There are some negatives; the game makes the unfortunate mistake of combining a large, nonlinear map with independent NPCs and tightly timed puzzles. This is a bad combination, as Jim Aikin learned with his game Last Resort, which also featured a huge map and tightly-timed puzzles. He solved the problem by re-tuning the game so that time changes are triggered by events, resulting in the excellent Lydia's Heart game.
Other games, like old Infocom games, have tightly-timed puzzles, but generally they have small maps that make replay easy, or confine the puzzles to a specific time and place.
So I just used a walkthrough to see the fun. The walkthrough was wrong in several places, so I had to improvise, and that was fun.
I've recently replayed many of Jon Ingold's games, and I am very impressed with his writing. This game is probably his best story. There are some puzzles, but you are generally held by the hand and walked through them (except at the beginning, but the game basically gives up and lets you through if you don't get it).
The real puzzle in this game is trying to figure out what is really going on. Ingold knows exactly how much to say to make something cool and how little to say to keep your imagination interested.
This is a fantasy (and possibly sci-fi) game following an assassin who is trying to escape his hanging. Not only do you the player not know what is going on at first, your character doesn't either! Your mutual journey of discovery makes the game exciting.
If you get stuck on the first puzzle, don't sweat it. This is a story, and the puzzles are just side thoughts. If you prefer puzzles but enjoy his writing, Jon Ingold's Muldoon Legacy is a huge puzzle fest, much bigger than Curses! or MIT Zork.

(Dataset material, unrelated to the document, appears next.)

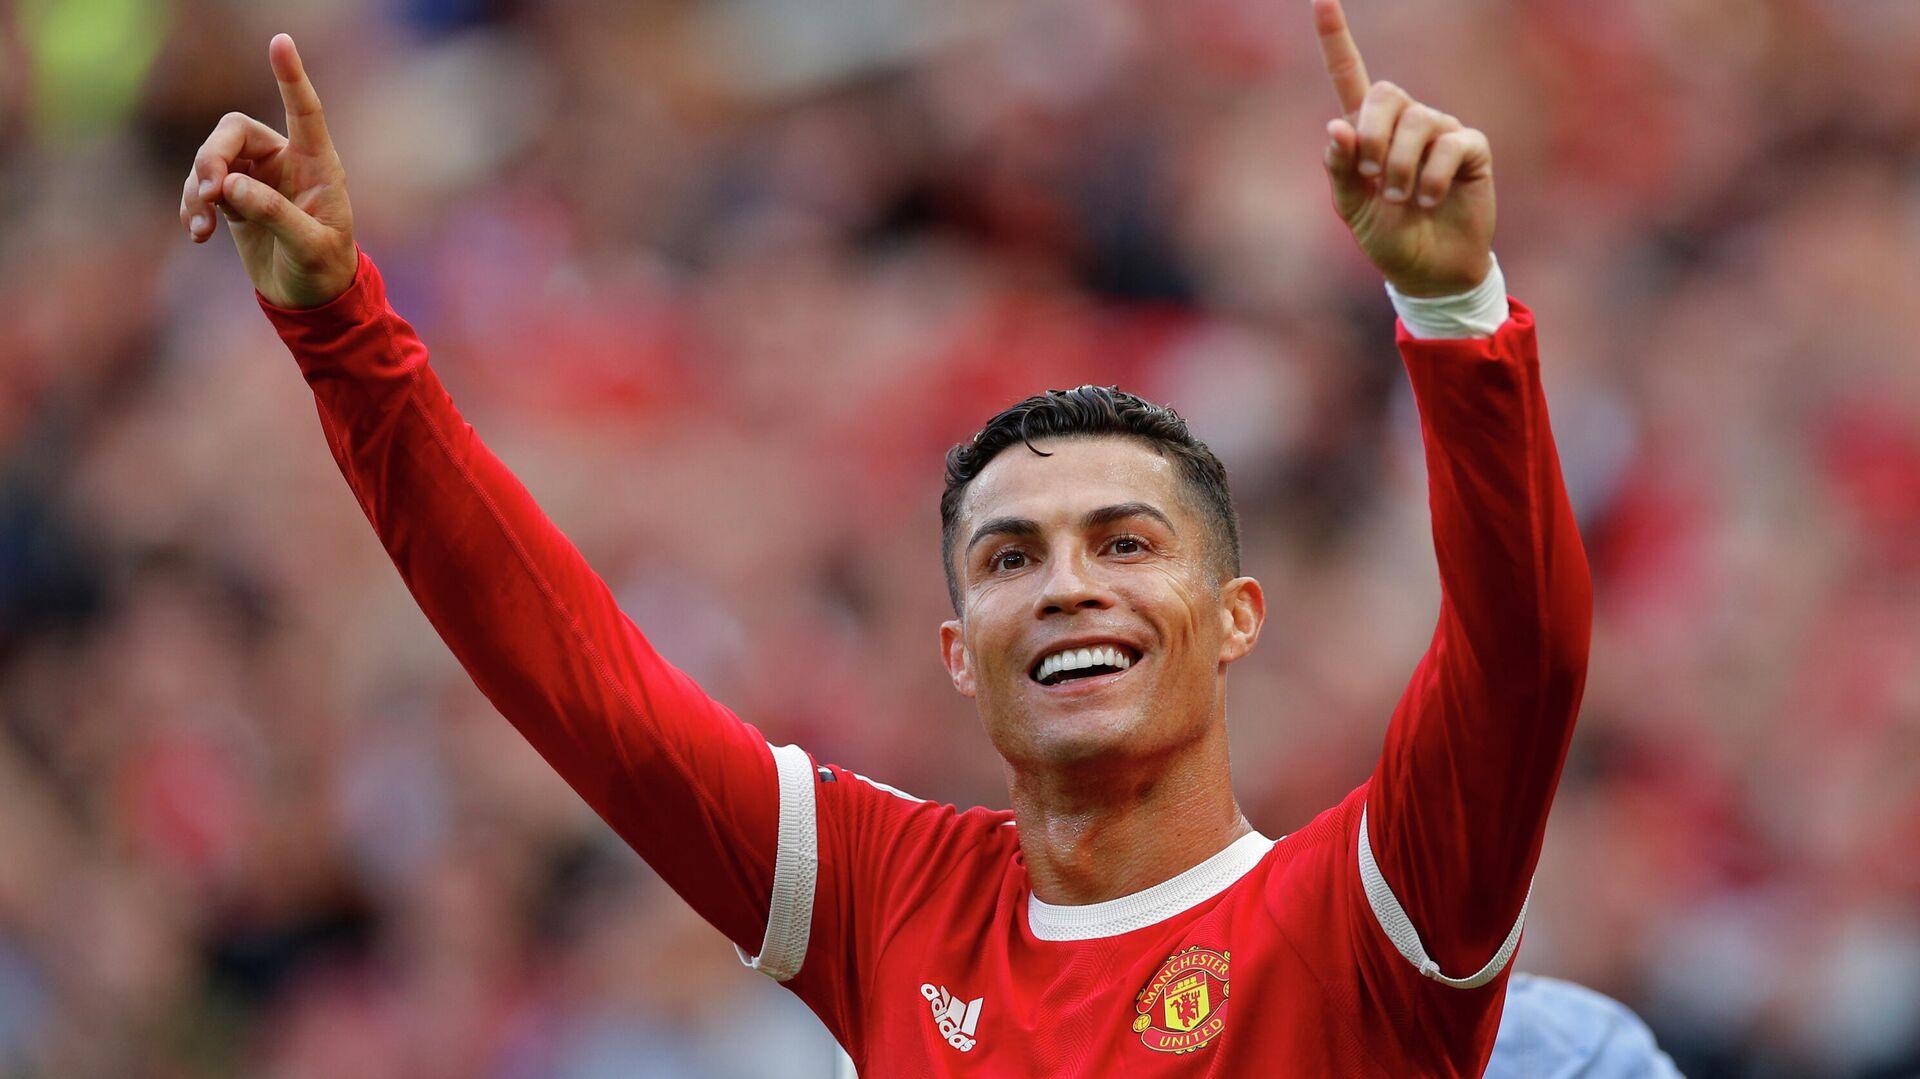 Manchester United's Cristiano Ronaldo celebrates scoring their second goal  - Sputnik International, 1920, 12.09.2021

For a Change is an interesting short fantasy game that plays around with the English language to make you feel like you probably know what's going on, even if you aren't sure.
The author intentionally uses unusual word choices and assigns personality traits to objects (for instance, you read that "A stone has been insinuated into your hand"; if you check you inventory, you see that the stone is "humble and true").
This was one of the first IF games I ever played (it was packaged with iPad Frotz), and I thought it was much better suited for beginners than other games in the bundle. It's just a small pick-up-item use-item game, but the way you use items is just bizarre.
Good for anyone interested in surreal or dreamlike games, or who enjoy experiments with the English language.